> _Goal of the exercise_
Please retype the data below line for line and leave out every picture.

> _Data_
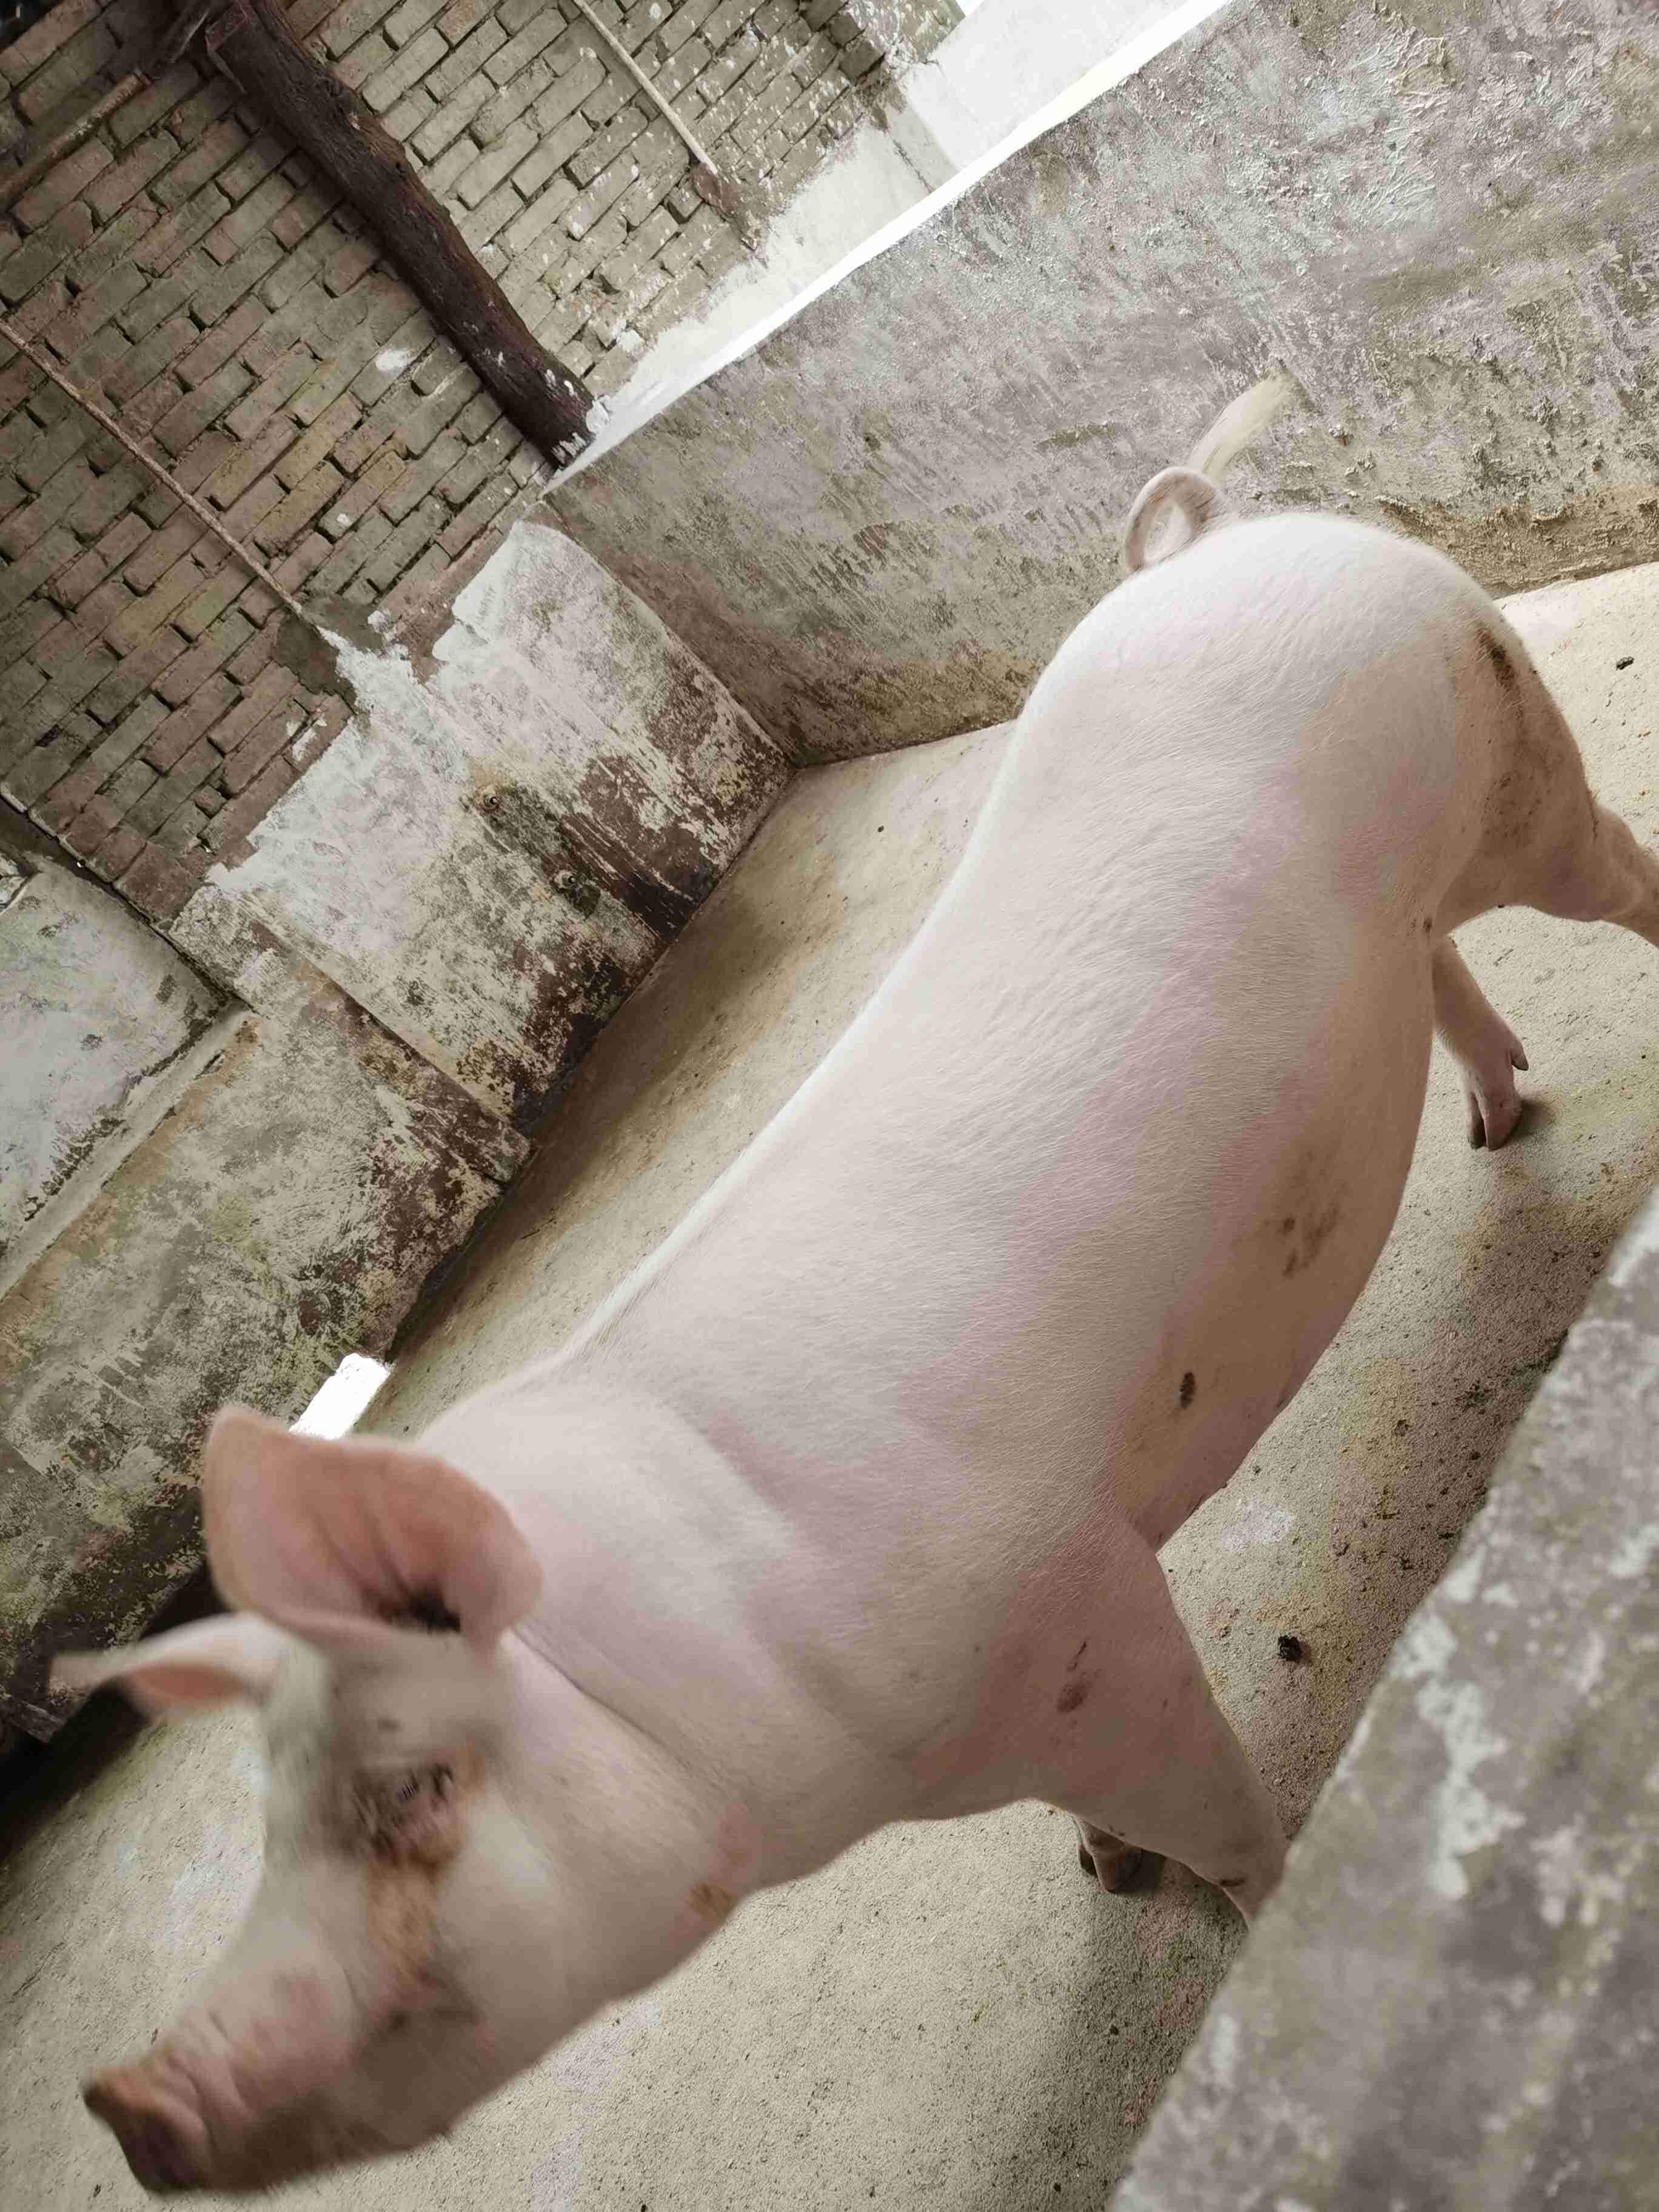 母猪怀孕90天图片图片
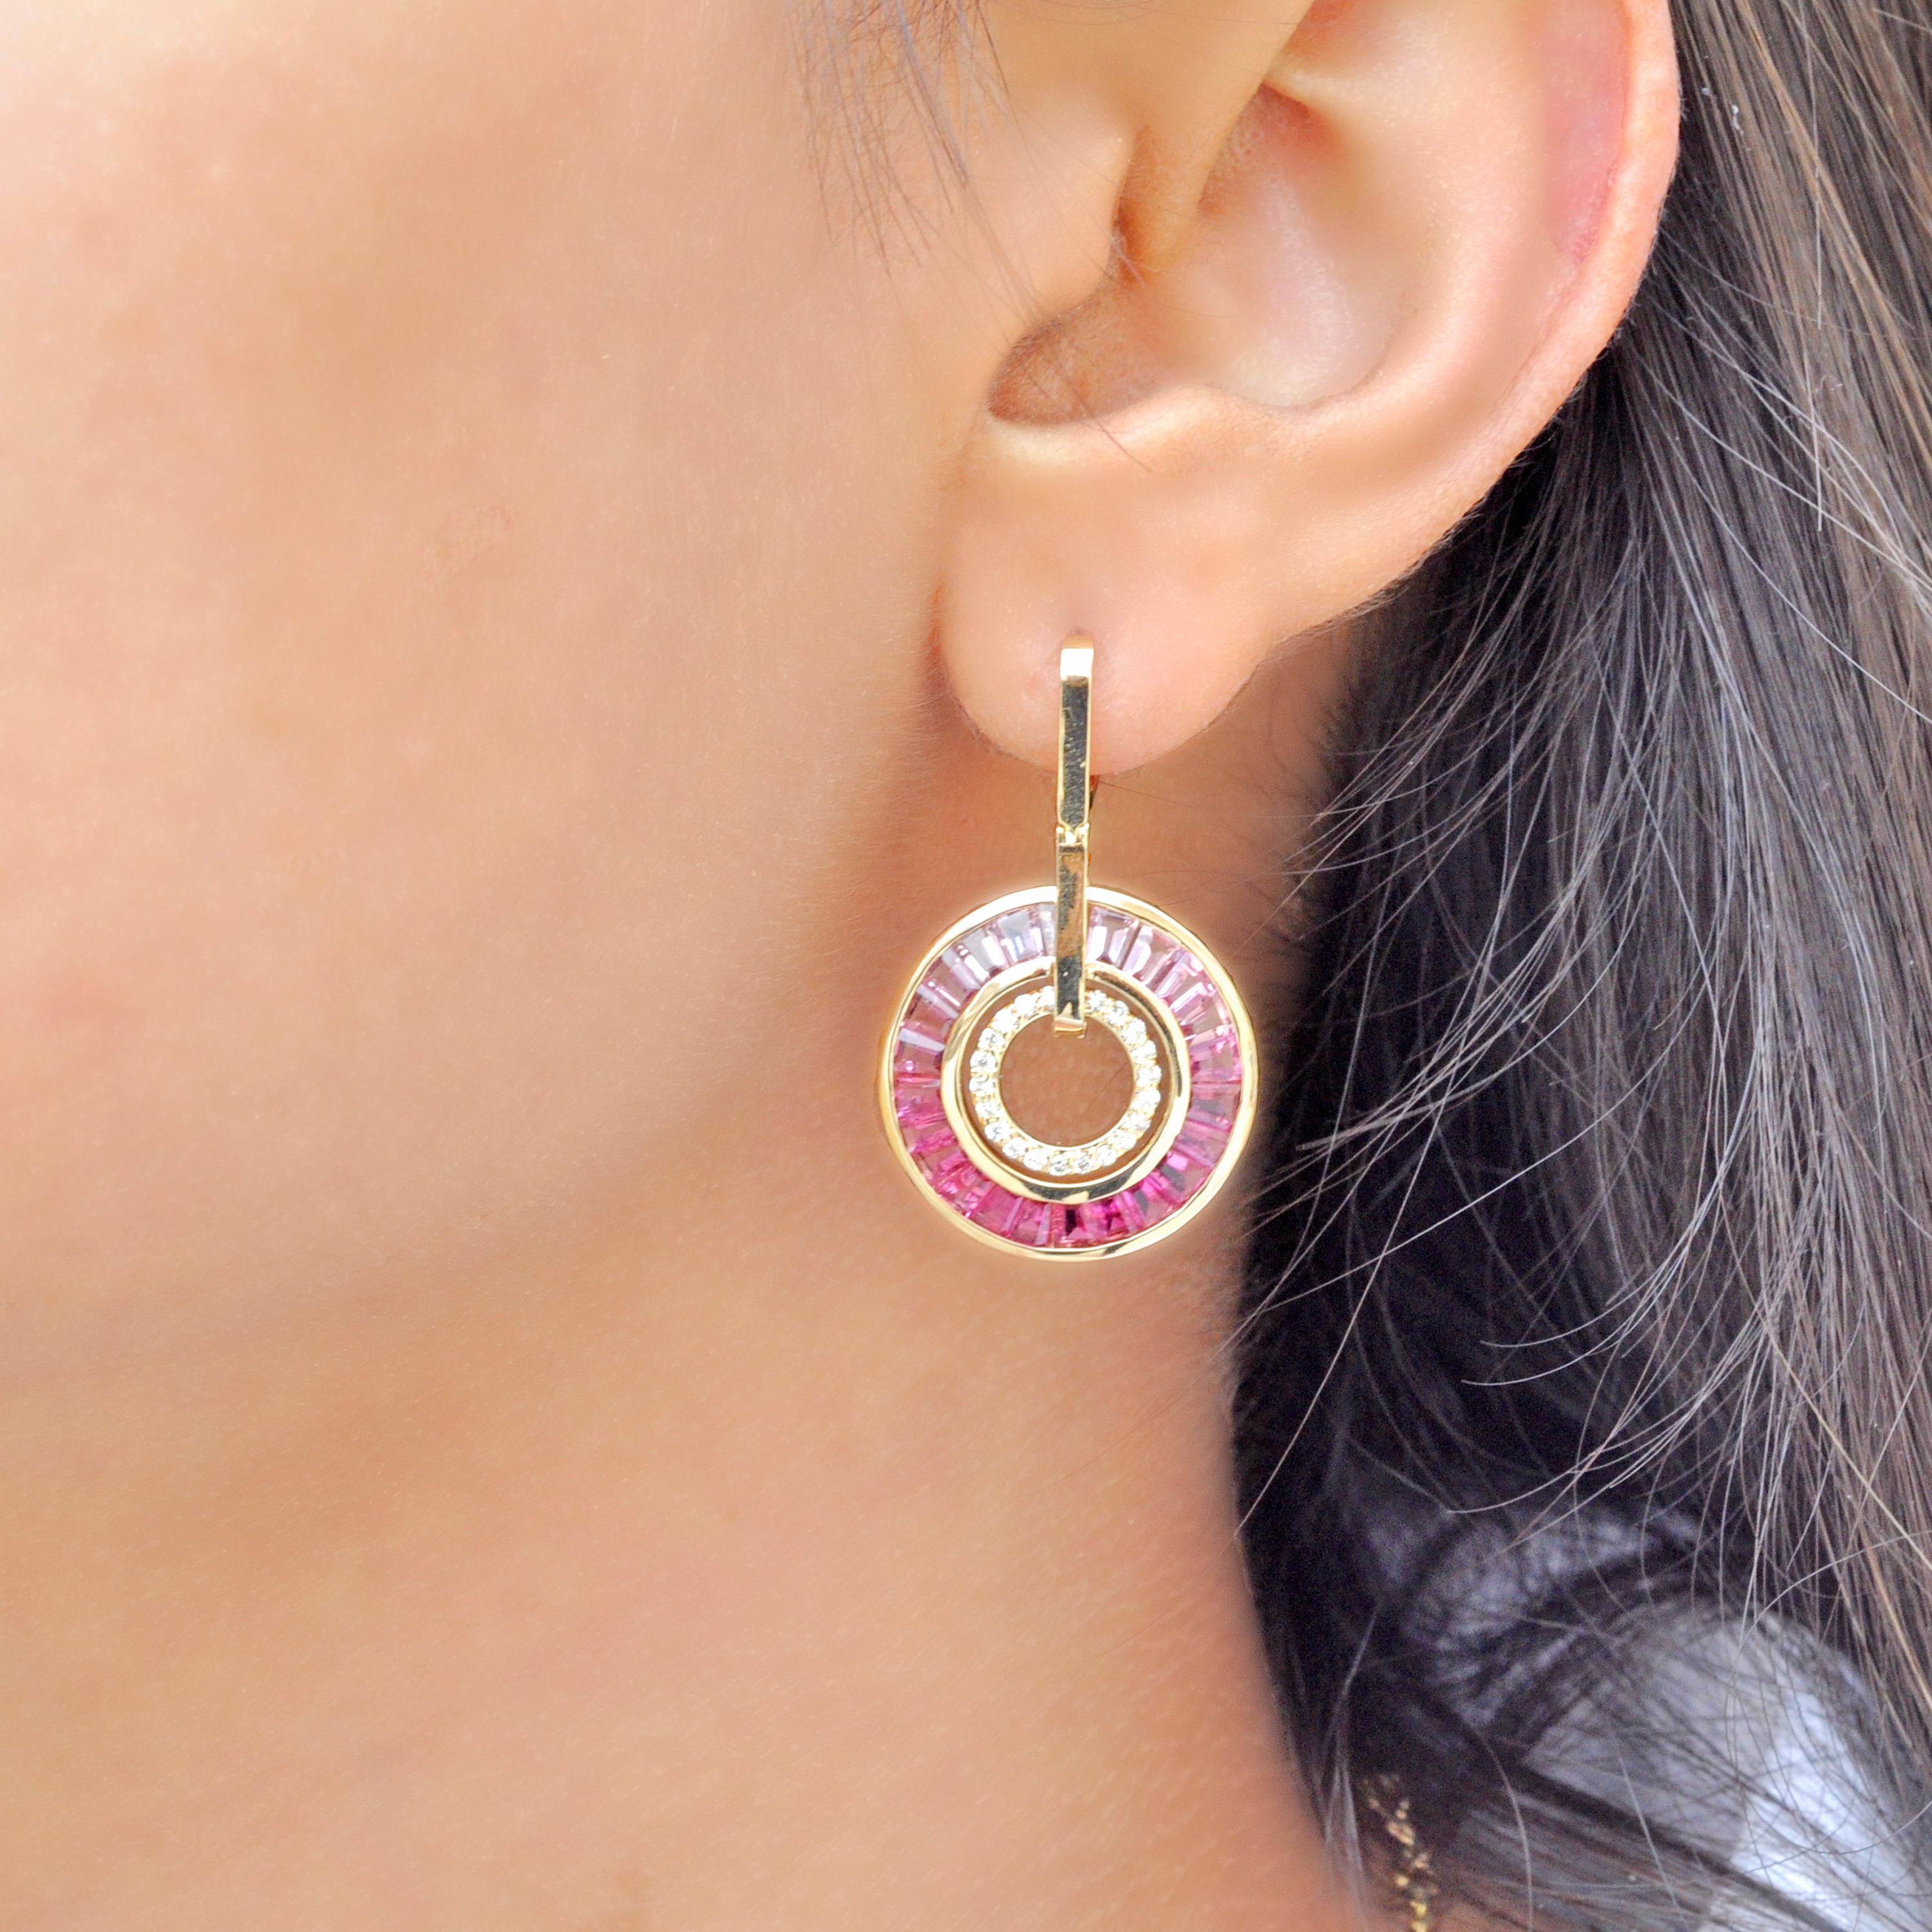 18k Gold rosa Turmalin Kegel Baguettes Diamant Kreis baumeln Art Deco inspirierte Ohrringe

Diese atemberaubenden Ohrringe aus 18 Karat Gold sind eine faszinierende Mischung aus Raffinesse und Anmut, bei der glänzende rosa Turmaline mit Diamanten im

> _Expected answer_
 母猪怀孕90天图片图片
 18k Gold rosa Turmalin Kegel Baguettes Diamant Kreis baumeln Art Deco inspirierte Ohrringe

Diese atemberaubenden Ohrringe aus 18 Karat Gold sind eine faszinierende Mischung aus Raffinesse und Anmut, bei der glänzende rosa Turmaline mit Diamanten im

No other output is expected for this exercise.